چكيده به لاتين
Abstract
According to the report by the International Agency for Research on Cancer (IARC): In the Global Cancer Report 2020, cancer was identified as the primary or secondary leading cause of fatal injury (ages 30 to 69) in 134 out of 183 countries worldwide. Lung cancer remains the leading cause of mortality among both men and women. According to IARC, the incidence of cancer is projected to rise from 18.1 million to 29.5 million between 2018 and 2040. Accurate and precise diagnosis of breast cancer (BC) is crucial for early detection and improved survival outcomes. Diagnosing the disease is generally challenging; however, machine learning plays a significant role in identifying the disease in individuals, monitoring their health, and recommending preventive measures.

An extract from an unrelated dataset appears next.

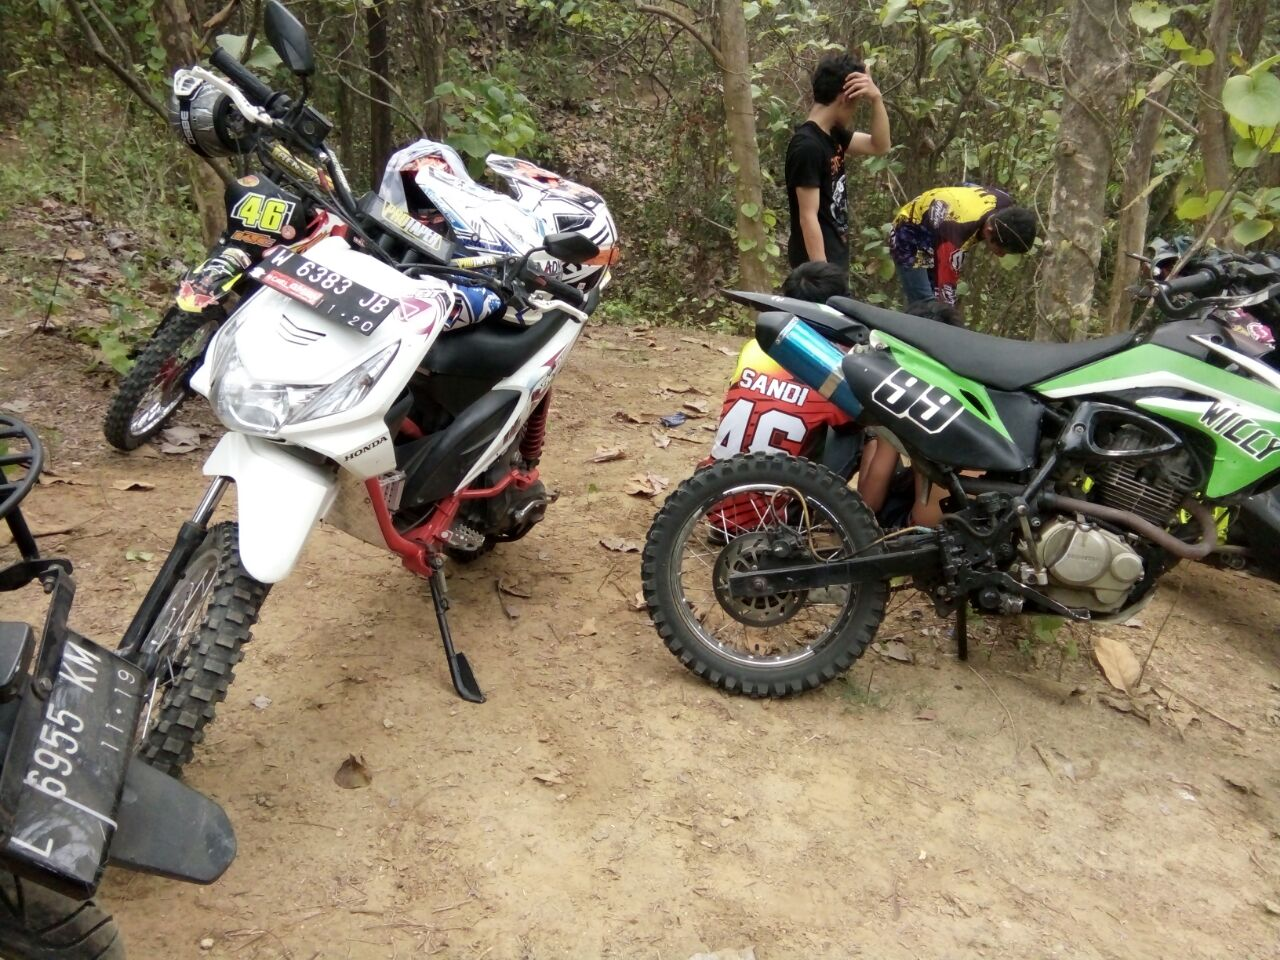 Cara Modif Honda Beat Jadi Trail Terlengkap Motor Cross

Classical machine learning methods, such as decision tree algorithms, random forests, support vector machines (SVM), and simple two-layer neural networks, are not very effective in classifying image data. Deep learning (DL), a subset of machine learning (ML), operates directly on image data, enabling the automatic definition (learning) of appropriate features without human intervention. Therefore, the main objective of this research is to propose an efficient and robust deep learning model for breast cancer detection and classification.
In this thesis, to improve the accuracy of classification methods using machine learning, we present techniques based on deep learning and convolutional neural networks (CNN) on ultrasound breast images of women from the Kaggle dataset, which many studies have utilized. After data extraction, the steps of the image classification project (disease detection) include preprocessing, feature extraction, modeling, and evaluation. For the three-class image classification stage, improved CNN, VGG19 network, ResNet-50, ResNet-152, MobileNet, Xception network, and a proposed enhancement model were used for feature extraction and classification.
Due to overfitting, an enhanced EfficientNet-B3 model was employed for improvement. EfficientNet introduces a novel method for scaling CNNs called compound scaling. The model, due to its improvements in structure compared to other methods, delivered highly satisfactory results, achieving the best accuracy at 96.52%, with an observed improvement of up to 30% and 15% compared to other models.